# Stuck Lid On Fermenter



## Sydneybrewer (19/8/09)

gday brewers, 

first of all i apologise if i have placed this thread in the wrong place, but to the point the lid on my fermenter is stuck on atm.. i have the plastic coopers fermenter, went to open the lid to put finnings in and it is stuck on good.. i almost snapped the tap off with my foot trying to get leverage, any sugestions? has this happened to any of you guys before? i put it on very tight so i could see airlock activity and now i cant get it off at all :angry: please help


----------



## captaincleanoff (19/8/09)

rubber gloves?

edit: or find someone stronger?


----------



## Swinging Beef (19/8/09)

HTFU


----------



## TidalPete (19/8/09)

Sydneybrewer said:


> gday brewers,
> 
> first of all i apologise if i have placed this thread in the wrong place, but to the point the lid on my fermenter is stuck on atm.. i have the plastic coopers fermenter, went to open the lid to put finnings in and it is stuck on good.. i almost snapped the tap off with my foot trying to get leverage, any sugestions? has this happened to any of you guys before? i put it on very tight so i could see airlock activity and now i cant get it off at all :angry: please help




G'day SB,

Make yourself a fulcrum out of a bit of rope with a loop on one end. Pass the free end of the rope through the loop, fasten it tightly around the lid & pull steadily anticlockwise.
Or you could just use one of these -- 




TP


----------



## Pollux (19/8/09)

wrap a belt around it to get some leverage.....

Other techniques included using a long screwdriver to make it hop on the thread, tends to help.


----------



## Pennywise (19/8/09)

It's stuffed, you now have to fill your fermenter via the air lock hole. Sanitising/cleaning will now become a real bitch :lol: 

Seriously though, try and get a piece of timber wedged through the handle and use your feet to hold the tap, you may break the tap but it's better than buying a new fermenter. Obviously do this when the fermenter is empty, if you don't and the tap snappes, make sure you get someone to film it so we can all see the mad rush for some towels :lol:


----------



## Swinging Beef (19/8/09)

Seriously tho.
Get a friend to help


----------



## Munut (19/8/09)

Don't be tempted to use the hammer :angry:


----------



## TidalPete (19/8/09)

Homebrewer79 said:


> It's stuffed, you now have to fill your fermenter via the air lock hole. Sanitising/cleaning will now become a real bitch :lol:
> 
> Seriously though, try and get a piece of timber wedged through the handle and use your feet to hold the tap, you may break the tap but it's better than buying a new fermenter. Obviously do this when the fermenter is empty, if you don't and the tap snappes, make sure you get someone to film it so we can all see the mad rush for some towels :lol:



This planet is chocca de blokka with cruel sods HB79 & you're one of them. :lol: 

TP


----------



## petesbrew (19/8/09)

Like the tool that Tidal Pete showed, try utilising those bits of plastic on the inner side of the lid.
A small block of wood & hammer, tap gently against those things to loosen it up.
I've snapped one or two off when it happened to me.

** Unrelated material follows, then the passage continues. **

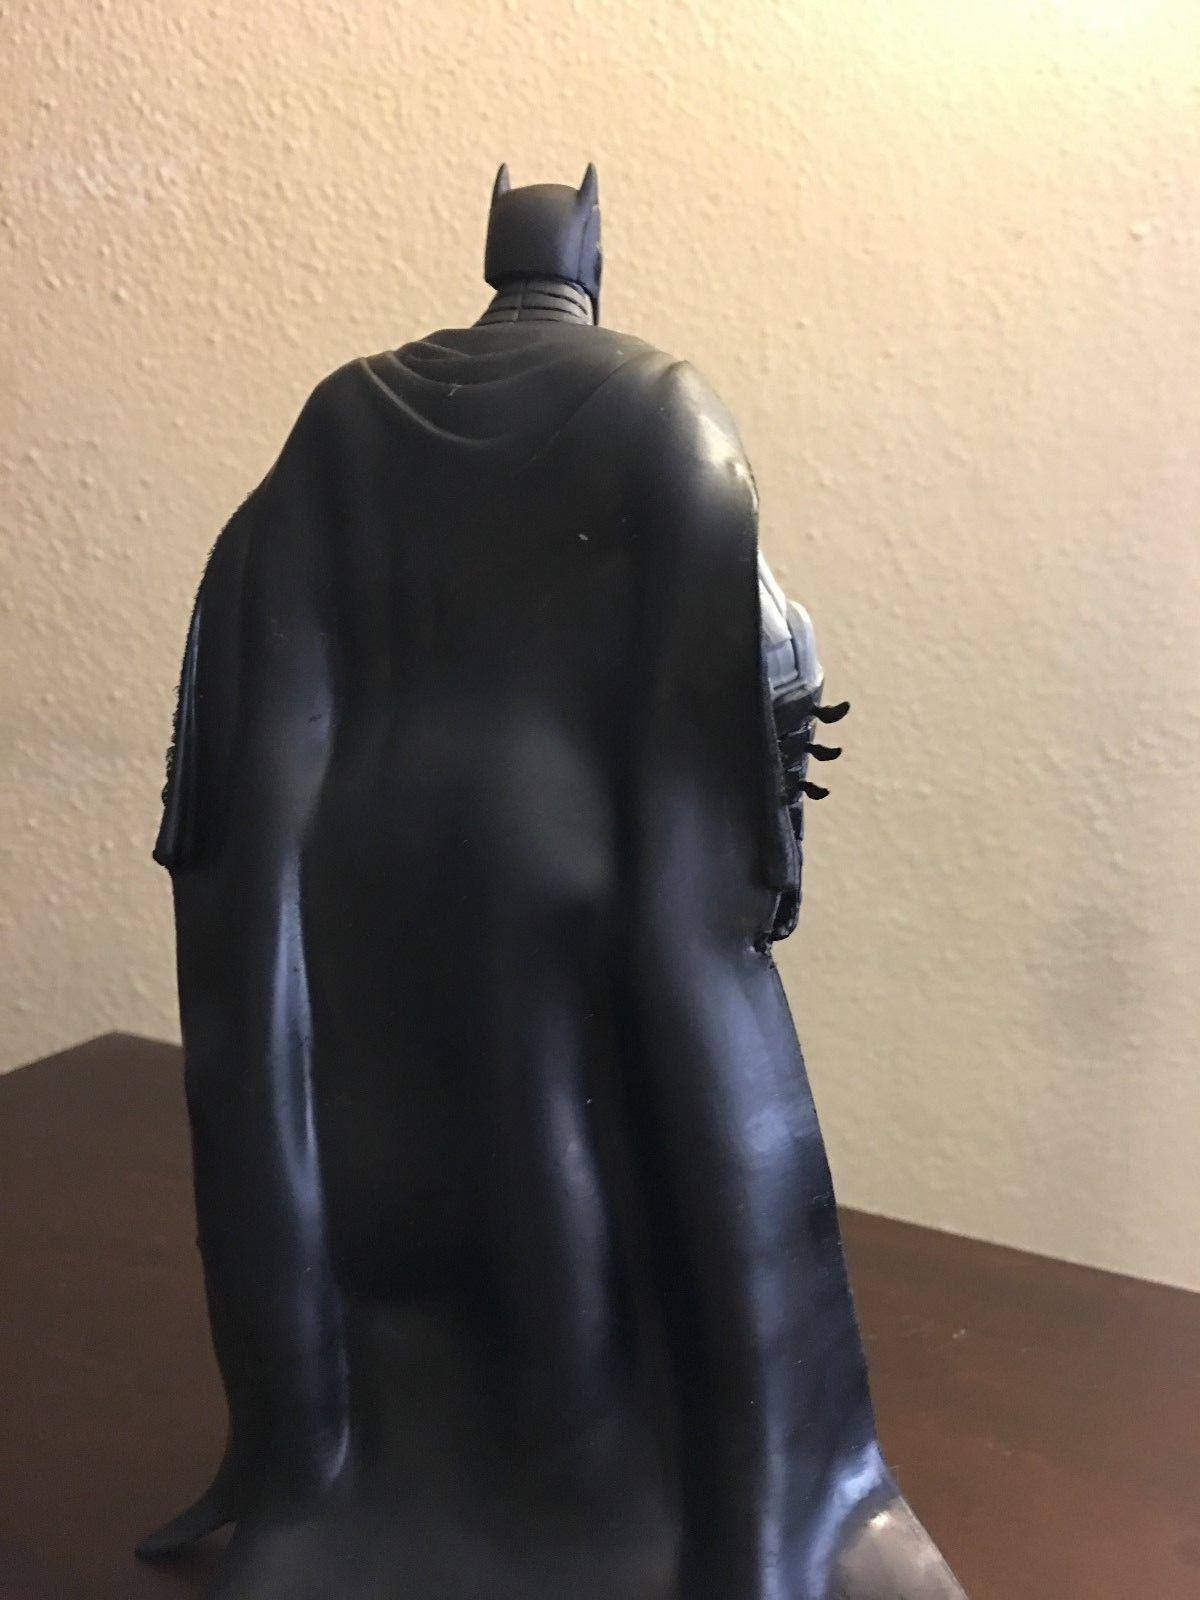 Batman dc comics action figure

Other than that, stand over it with feet holding it as tight as you can, and exert brute force... and try not to snap that tap.

And forget about bubbling action. It don't matter.


----------



## Sydneybrewer (19/8/09)

lol thanks guys i knew the 'get someone stronger' remark would come up  trying the belt method now


----------



## Cortez The Killer (19/8/09)

Once resolved have a look into using gladwrap held down with the o-ring from the lid in future

Cheers


----------



## Renegade (19/8/09)

Angle grind the lid off and use gladwrap in future.

Edit: Cortez beat me to it. :icon_cheers:


----------



## eamonnfoley (19/8/09)

rack the beer to another vessel if you can. You'll get it off once its empty and you arent worrying about the beer inside. Or add the finings once its in the keg (if you keg)


----------



## troopa (19/8/09)

big stick through the lid handle as a fulcrum and give it a good shove

Ps.. throw the lid away and just use glad-wrap over it. 1 sheet over the top then one wrapping around the fermenter 


Tom


Edit: speellling


----------



## petesbrew (19/8/09)

Renegade said:


> Angle grind the lid off and use gladwrap in future.
> 
> Edit: Cortez beat me to it. :icon_cheers:


Seeing as my brewery is also the home to skinks, spiders & roaches, I like my lids & airlocks. Nothing can fall through them, on the off chance.


----------



## troopa (19/8/09)

Adds extra flavor to the beer... geesh


----------



## Katherine (19/8/09)

petesbrew said:


> Seeing as my brewery is also the home to skinks, spiders & roaches, I like my lids & airlocks. Nothing can fall through them, on the off chance.



yeah I like my lids. We have 5 - 6 fermenters going, so there getting moved around quite alot. I would hate to drop one with out a lid.


----------



## Pennywise (19/8/09)

TidalPete said:


> This planet is chocca de blokka with cruel sods HB79 & you're one of them. :lol:
> 
> TP




It's a dirty job but some one's gotta do it :icon_cheers:


----------



## Rod (19/8/09)

I have read similar post regarding the coopers fermenters for about 5 years on most forums including the coopers forum .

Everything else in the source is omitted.